I rise to my feet, almost in slow motion, my movements weighed down with confusion and a throbbing headache that pulses in sync with my heartbeat. My balance wavers, and I sway on my feet like I’m at sea. I take a breath and steady myself. I know what it’s going to say. I know it’s going to tell me to see the door and open it. I know that it’s all nonsense. Isn’t it?

I smooth down my rumpled dress and bite the inside of my cheek. I can’t shake the apprehension tightening my chest, quaking through my limbs.

This time when I flip the card over, words do not appear. Instead, it’s a clear and vibrant image of a woman on a throne. Her expression is still and serene as she gazes into a mirror. Her flowy dress is a vibrant red that matches the swollen pomegranates framing her, and a delicate tiara rests on top of her braided hair.

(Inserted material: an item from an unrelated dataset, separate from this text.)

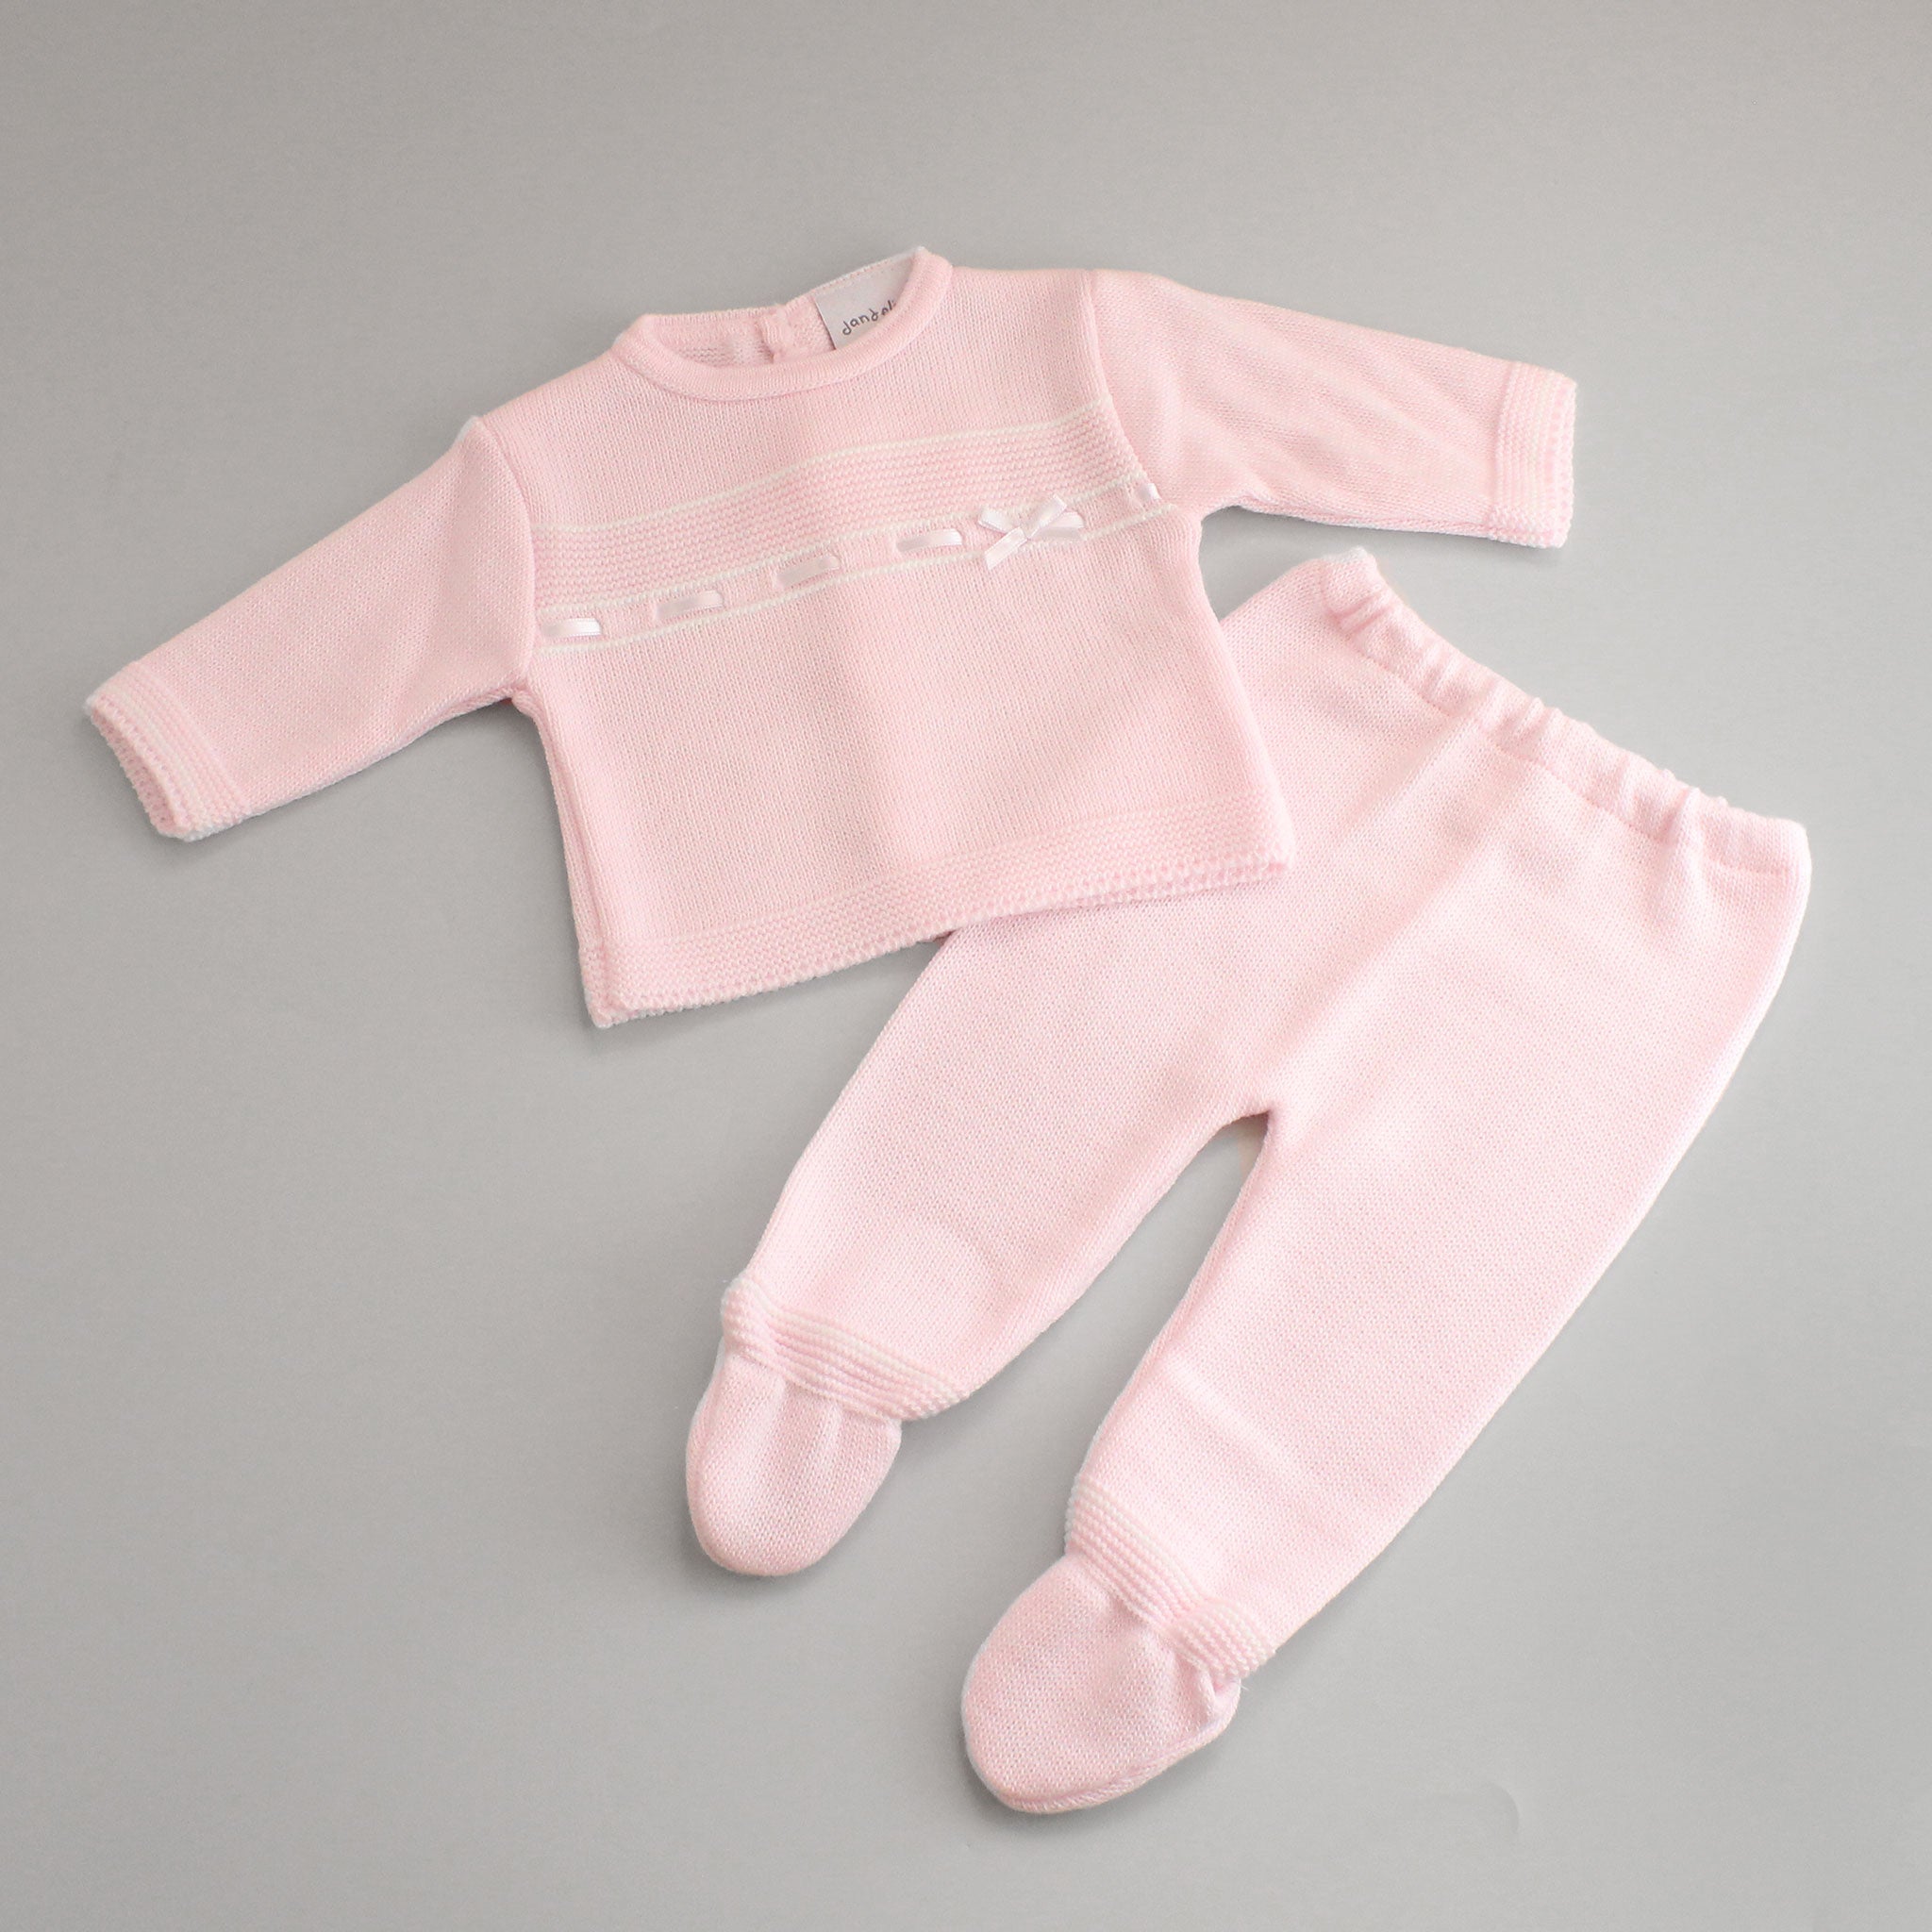 2 piece pink knitted baby outfit
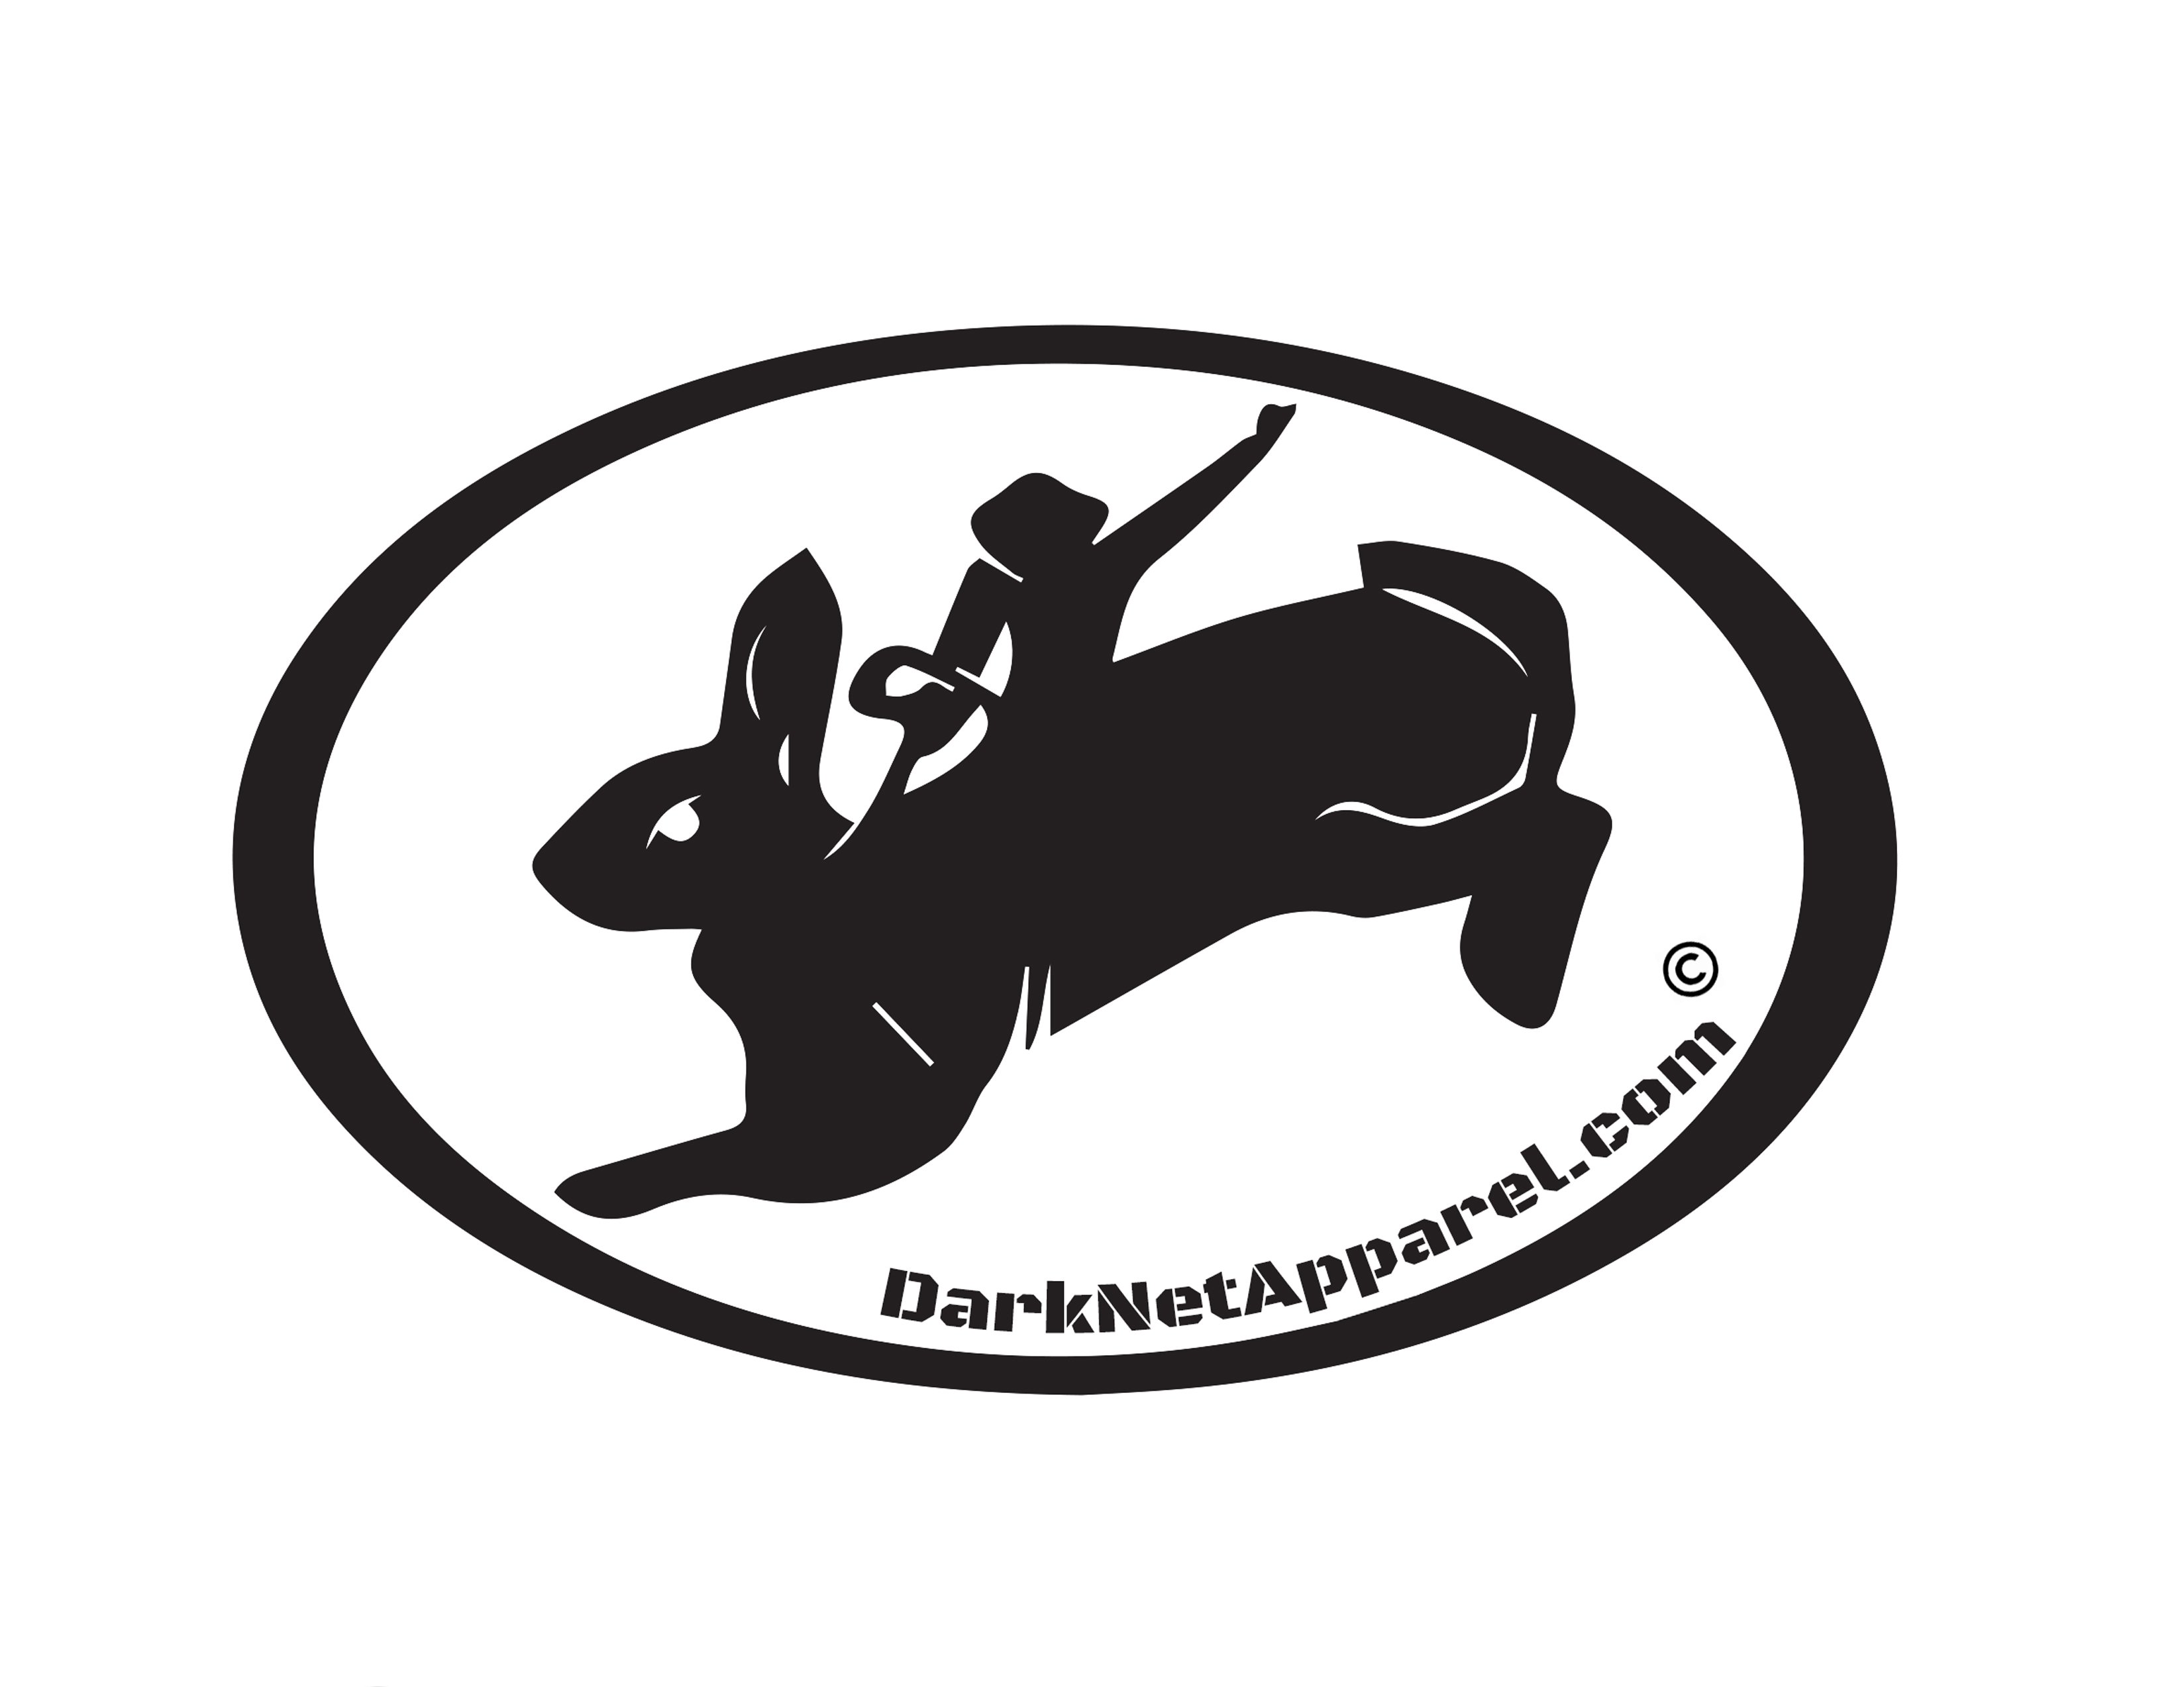 Small Creative T-shirt company in Las Vegas Nevada. Creating eco-friendly products. DarkNet Apparel - A Little Something For Everyone.

Surrounding the throne is a lush garden that bursts with yellows, blues, and greens against a deep-cobalt sky speckled with twinkling stars.

I stare, transfixed, warmth seeping into my fingertips in a gentle swell that washes up my arm like the first rays of sun after a snowstorm. It pours into my chest, comforting yet unnerving. My vision starts to blur, and the edges of the world soften, the colors bleeding into one another.

Beneath my feet, the solid concrete shudders, and the mantra—my mantra—the one that didn’t work, the one to which I pinned all my hopes, echoes loudly and insistently in my ears, its words a buoy keeping me afloat as the world around me comes undone.

See the door and open it .

As if bewitched by my thoughts, the snow-covered Chicago sidewalk swings open. The world tilts, and I stumble forward and fall head over heels into endless velvety black. A scream catches in my throat. The card falls through with me, the image of the woman on the throne flashing in and out of focus, her eyes following mine, a Cheshire smile stretched across her lips.